WHAT TO DO ▸ Copy out each line of the data that holds the word "Ethiopia".

EXERCISE INPUT ▸
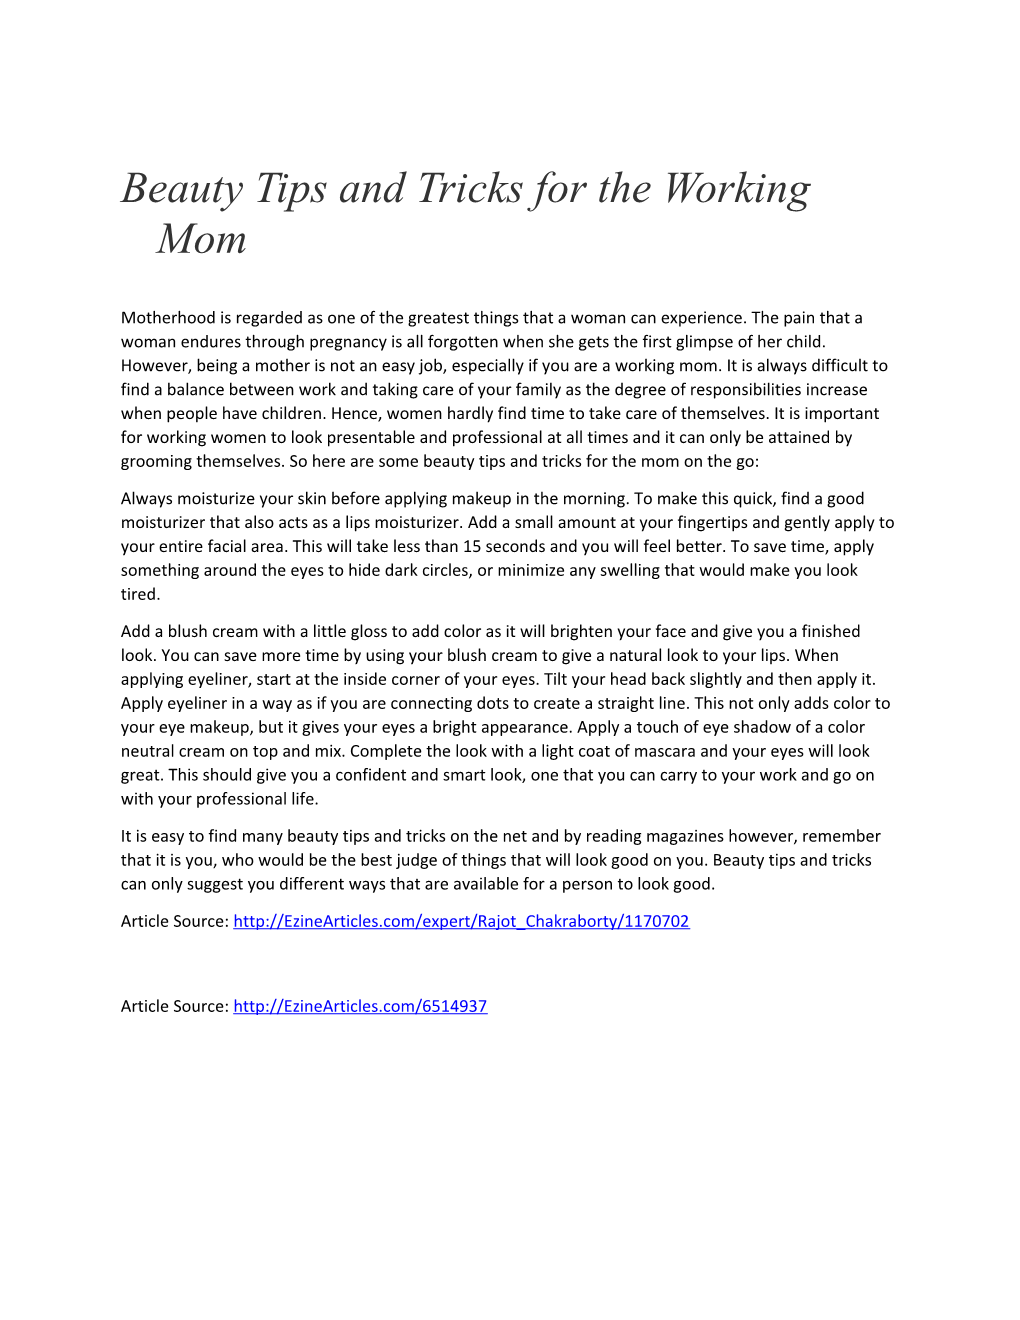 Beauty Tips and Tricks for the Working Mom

...

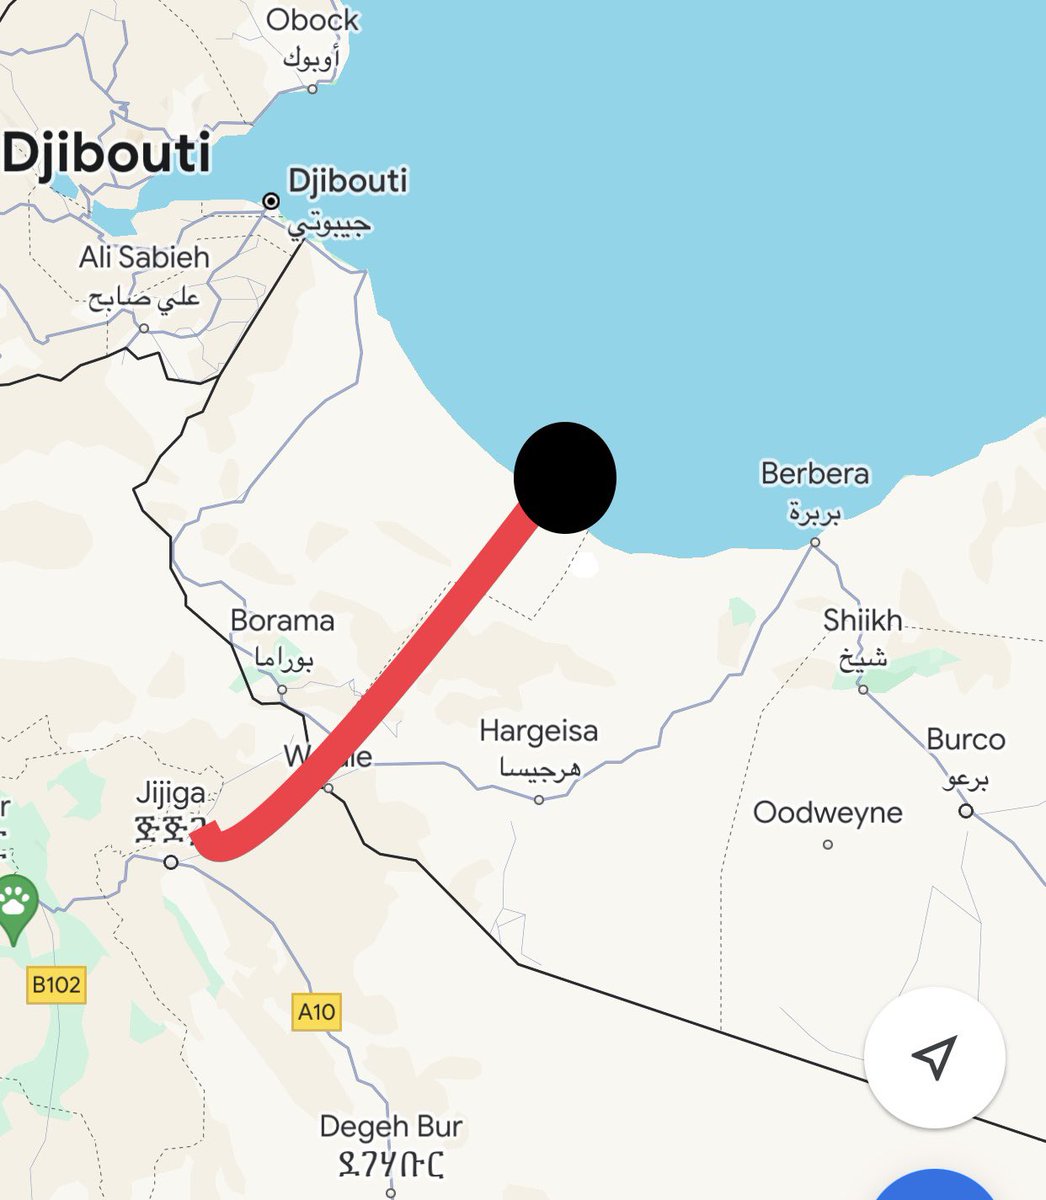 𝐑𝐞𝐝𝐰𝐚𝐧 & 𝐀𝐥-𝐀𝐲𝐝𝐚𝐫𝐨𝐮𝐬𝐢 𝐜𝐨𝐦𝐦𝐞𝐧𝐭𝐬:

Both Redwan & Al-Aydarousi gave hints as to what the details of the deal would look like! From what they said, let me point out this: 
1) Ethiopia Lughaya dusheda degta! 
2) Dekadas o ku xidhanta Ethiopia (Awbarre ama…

EXERCISE RESPONSE ▸
1) Ethiopia Lughaya dusheda degta! 
2) Dekadas o ku xidhanta Ethiopia (Awbarre ama…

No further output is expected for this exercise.